Silverlight - Setting DataContext in XAML rather than in constructor?

Question

How can I set the DataContext on my Grid in XAML, instead of in the constructor?

Here is how I do it in the constructor (LayoutRoot is the XAML Grid defined in the XAML):

this.LayoutRoot.DataContext = this.HPVM;

I would prefer to do it right in the XAML, but I do not know how to reference the HPVM object in XAML. HPVM is a public property on the USerControl class.

It works fine as listed above, but again, I just want to know how to properties of the UserControl class in XAML, rather than always having to do it in code.
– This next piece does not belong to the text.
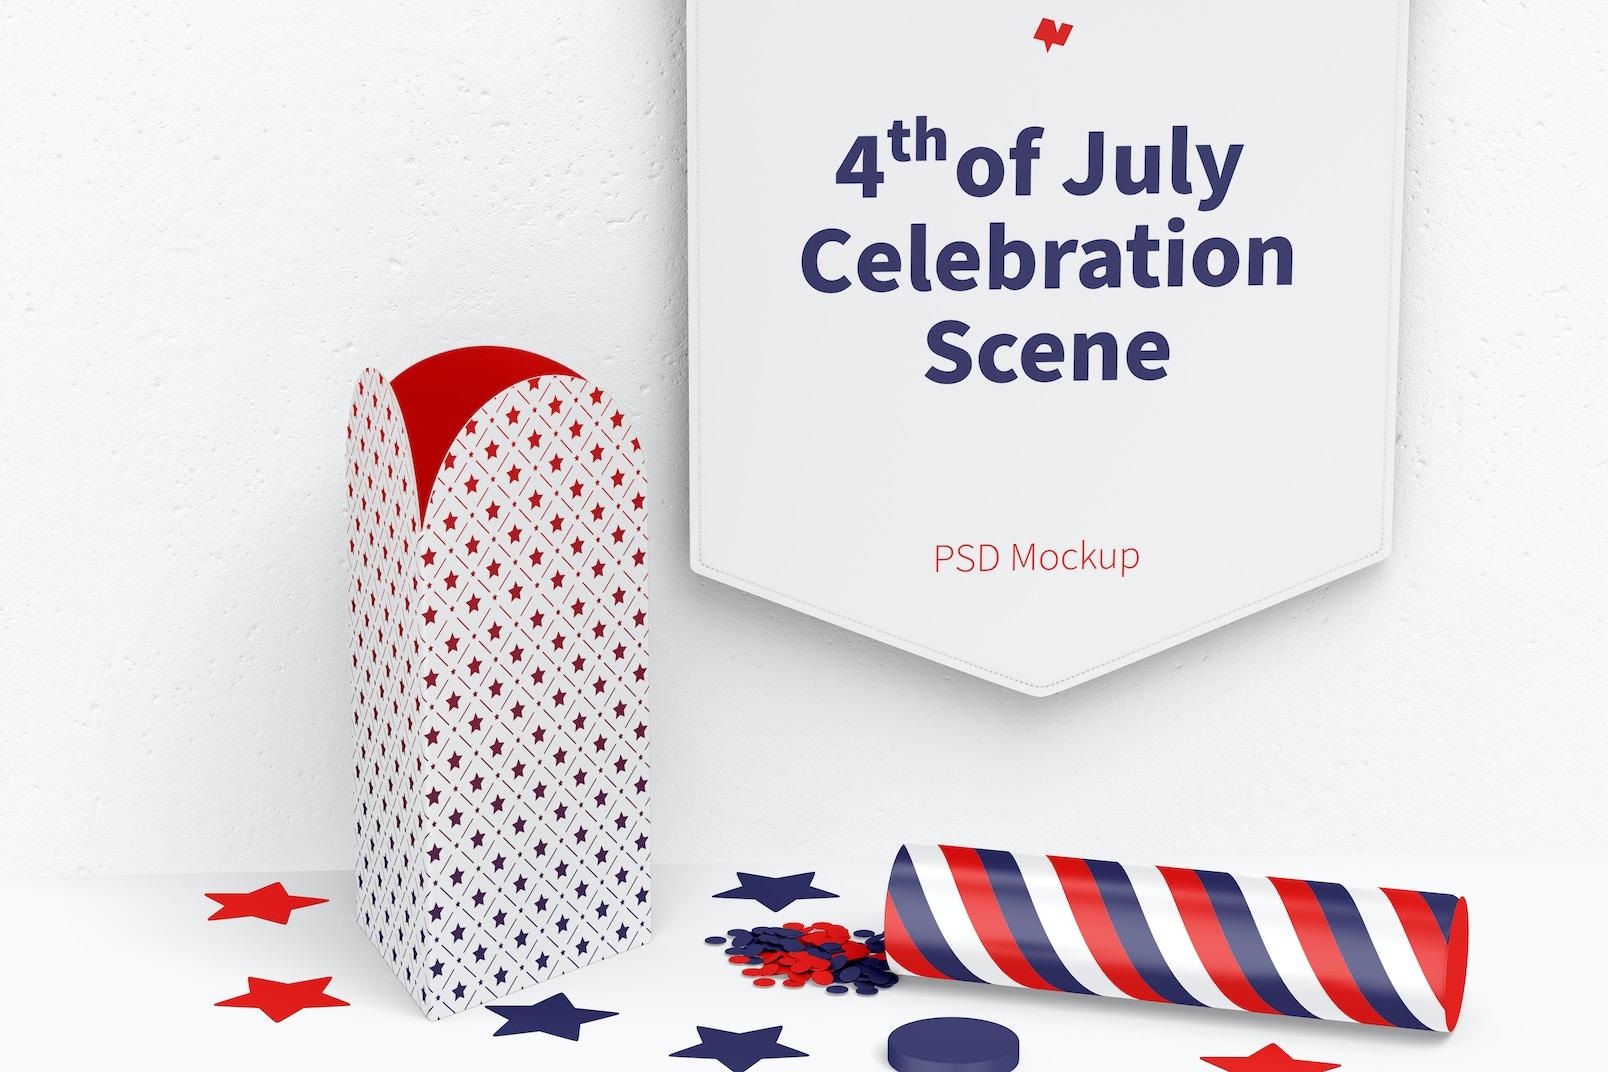 4th of July Celebration Scene Mockup

Here is all the relevant code:

  <UserControl x:Class="SilverlightApplication1.SLHolePattern" x:Name="HolePatternsControl"
    xmlns="http://schemas.microsoft.com/client/2007"
    xmlns:x="http://schemas.microsoft.com/winfx/2006/xaml" 
    xmlns:sys="clr-namespace:System;assembly=mscorlib"    
    xmlns:controls="clr-namespace:Microsoft.Windows.Controls;assembly=Microsoft.Windows.Controls"
    xmlns:local="clr-namespace:SilverlightApplication1"    
    xmlns:GeoPatterns="clr-namespace:GeoPatterns"
    Height="700">


    <UserControl.Resources>
    ...

And here is my constructor where the DataContext is currently set:

namespace SilverlightApplication1
{
    public partial class SLHolePattern : UserControl, INotifyPropertyChanged
    {
        public HolePatternsViewModel HPVM;

        public SLHolePattern()
        {
            InitializeComponent();

            this.HPVM=new HolePatternsViewModel();
            this.LayoutRoot.DataContext = this.HPVM;
            ...more code here
        }

It all works fine, but I just want to learn how to set the DataContext in XAML, not in code.

Answer 1

try something like this.....

<Grid DataContext="{Binding Path=HPVM}">
</Grid>

where HPVM is a public member of this--> your form etc.
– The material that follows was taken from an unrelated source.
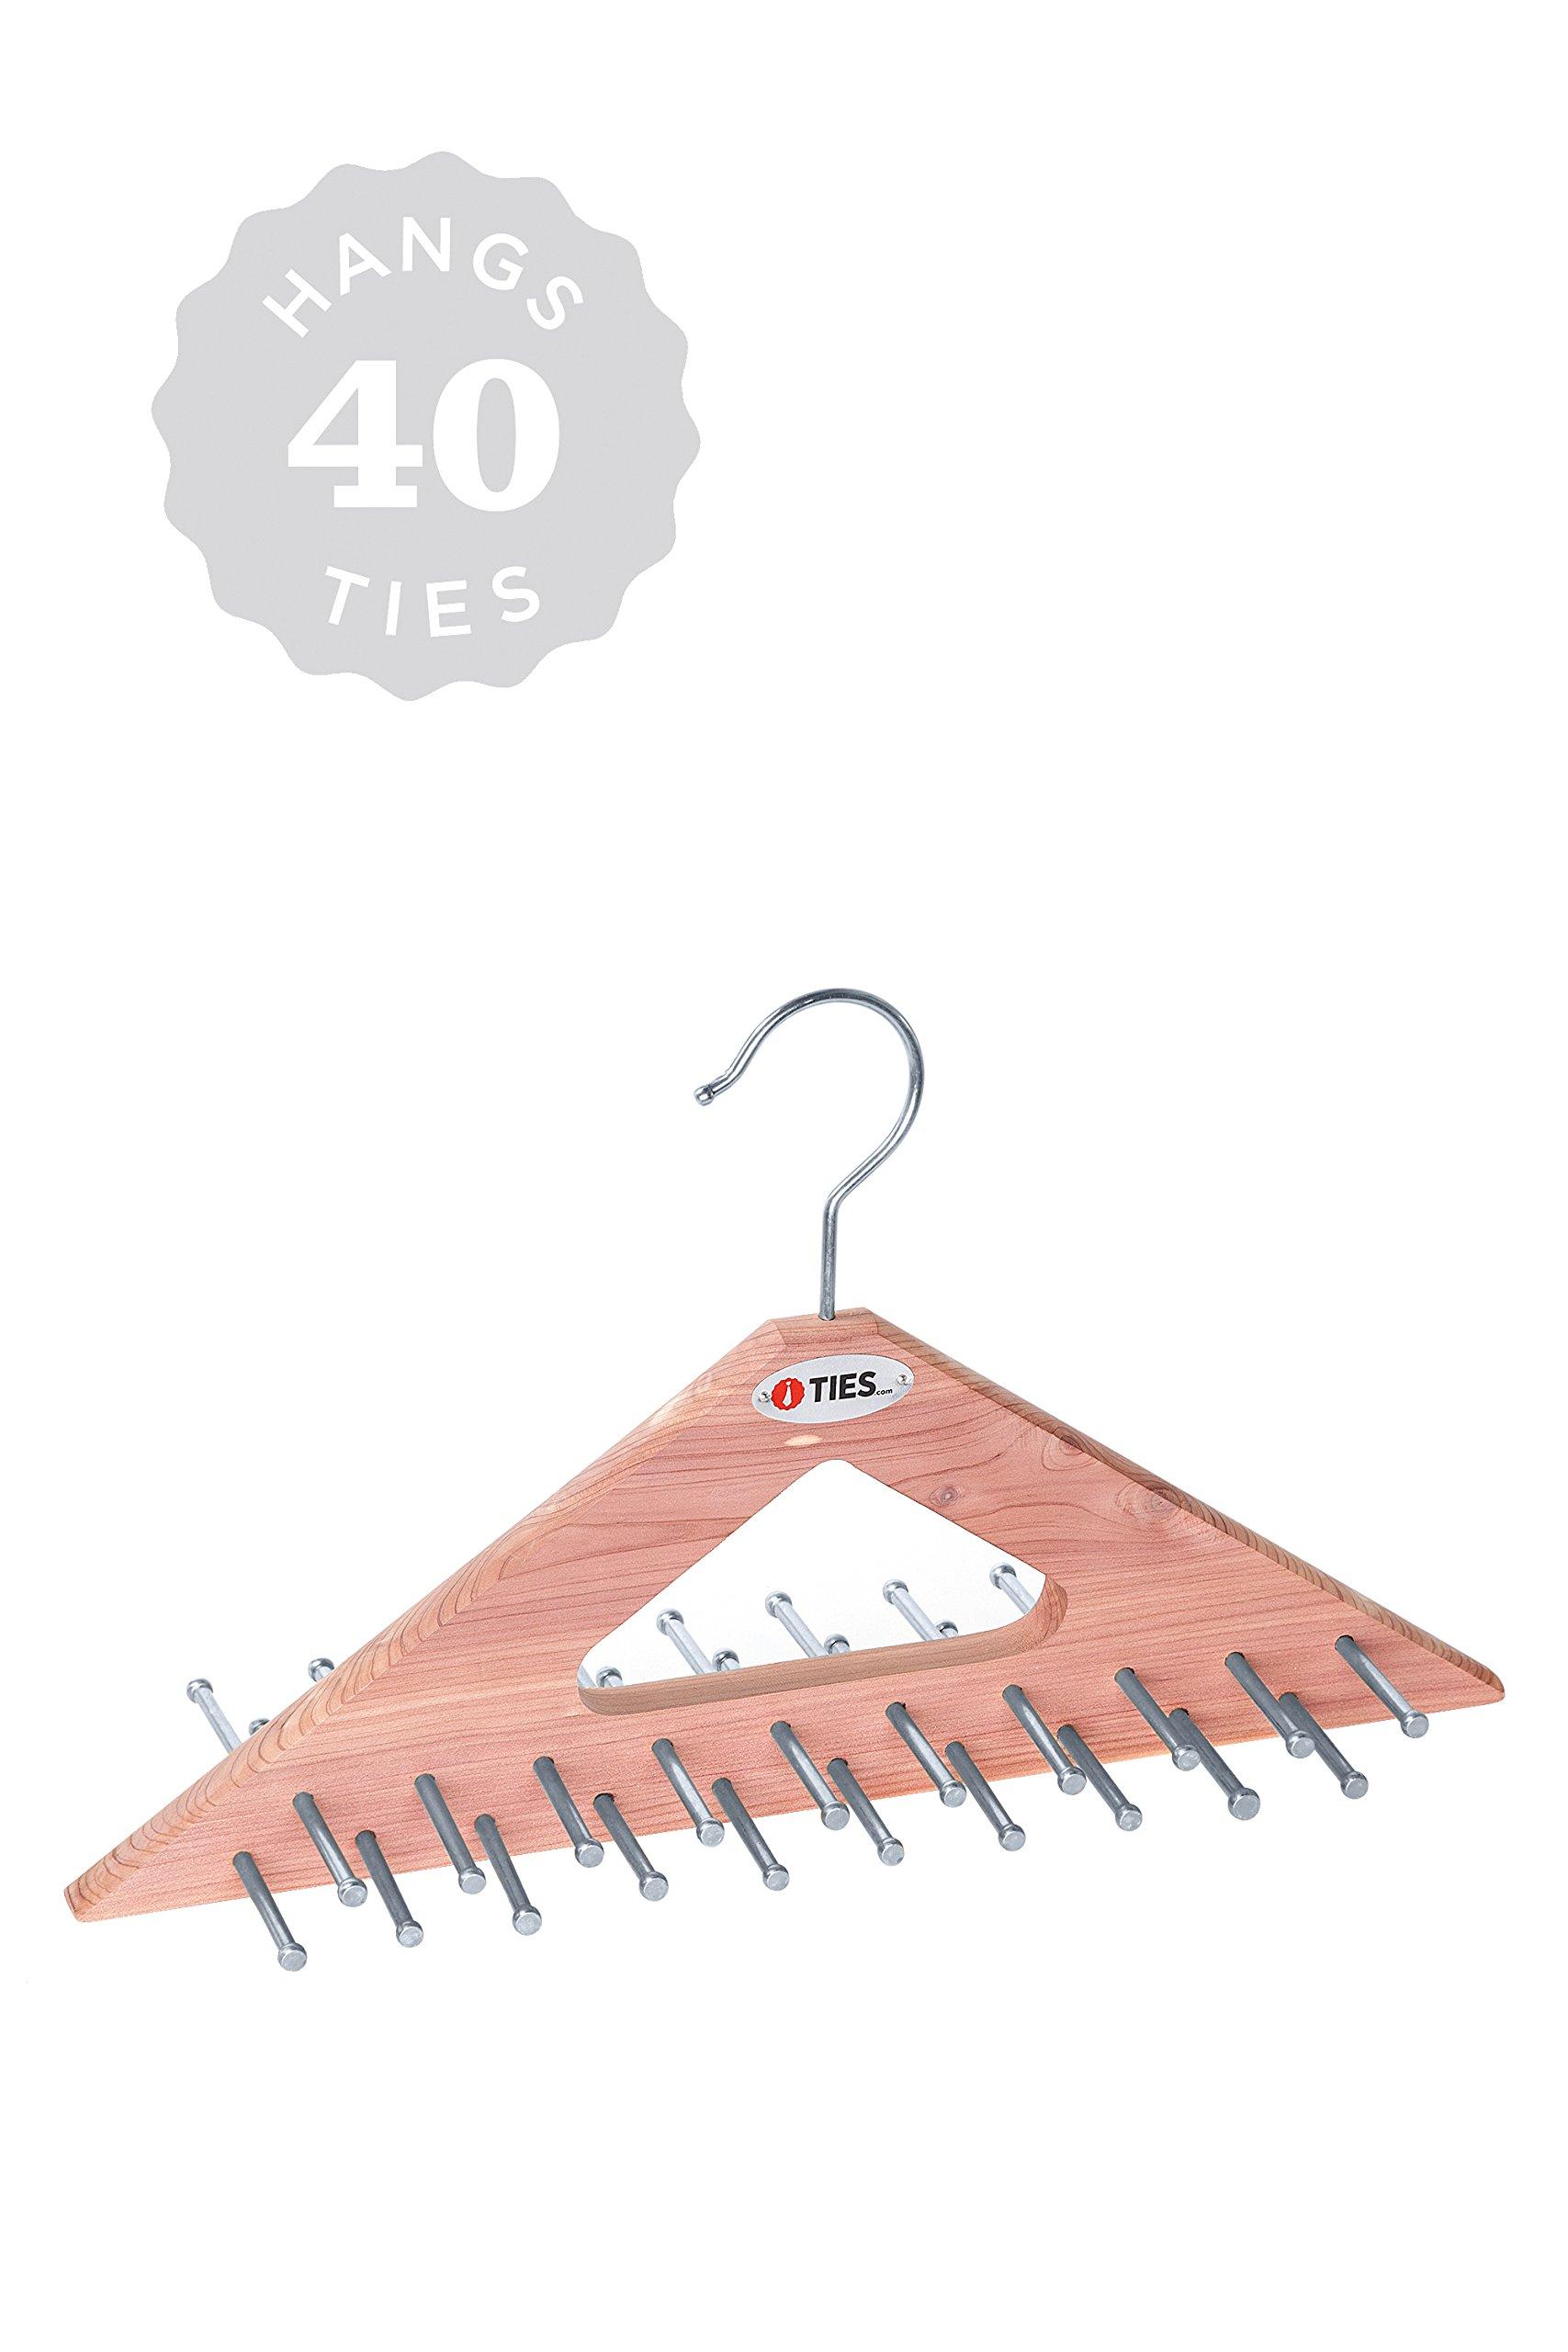 Handmade 100% Natural Aromatic Cedar Wooden Peg Tie and Belt Rack Closet Hanger (40 Ties)

Create the instance of your class in the xaml, by adding something like this to your resources section.... (don't forget to add your xmlns namespace)

<my:bogart x:Key="franken"/>

then, bind the data context to the static resource you just added....
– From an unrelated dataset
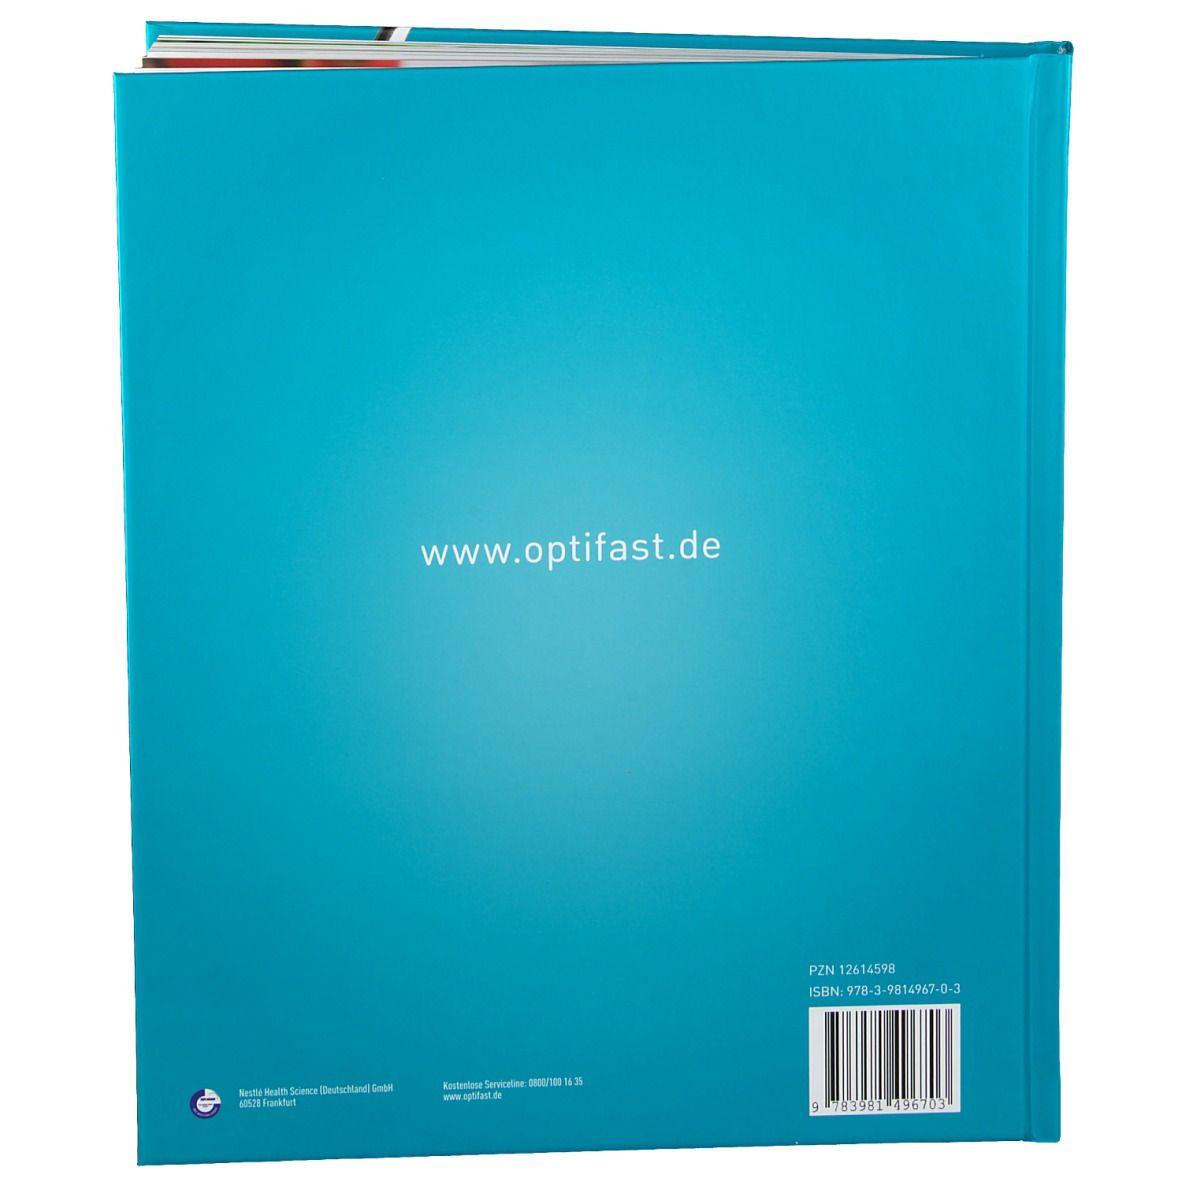 OPTIFAST® Kochbuch

<Grid x:Name="LayoutRoot" Background="White" DataContext="{StaticResource franken}">
    <TextBox  Background="Red" Foreground="White" Text="{Binding Path=sum}"  />
</Grid>

Answer 2

This is not posible (It is possible in WPF with {Binding RelativeSource={RelativeSource Self}}, but Silverlight is more limited.

You have to do it through code.

Answer 3

The answer Chris gave works just fine. I have tested and it worked for me. You can instantiate your class in XAML (within the UserControl.Resources) and then bind the datacontext to a static resource.

Follow code:

<UserControl ...>
    <UserControl.Resources>
       <myNS:MyClass x:Name="TheContext" x:Key="TheContext"></myNS:MyClass>
    </UserControl.Resources>
    <Grid x:Name="LayoutRoot" Background="White" DataContext="{StaticResource TheContext}" >
        <TextBlock Text="{Binding Path=Field1}">
        </TextBlock>
    </Grid>
</UserControl>

Answer 4

<UserControl.DataContext>
  <vm:ThisUCViewModel />
</UserControl.DataContext>

Answer 5

The following monstrosity works in Silverlight 4

<UserControl 
  DataContext="{Binding HPVM, RelativeSource={RelativeSource Self}}">

Answer 6

good morning, un have blem when i work with de data grid view, whene i recover my data from the web sevice WCF, i wish display it in the grid view using the proprietes itemsouce for grid view but i have problem with binihg of data.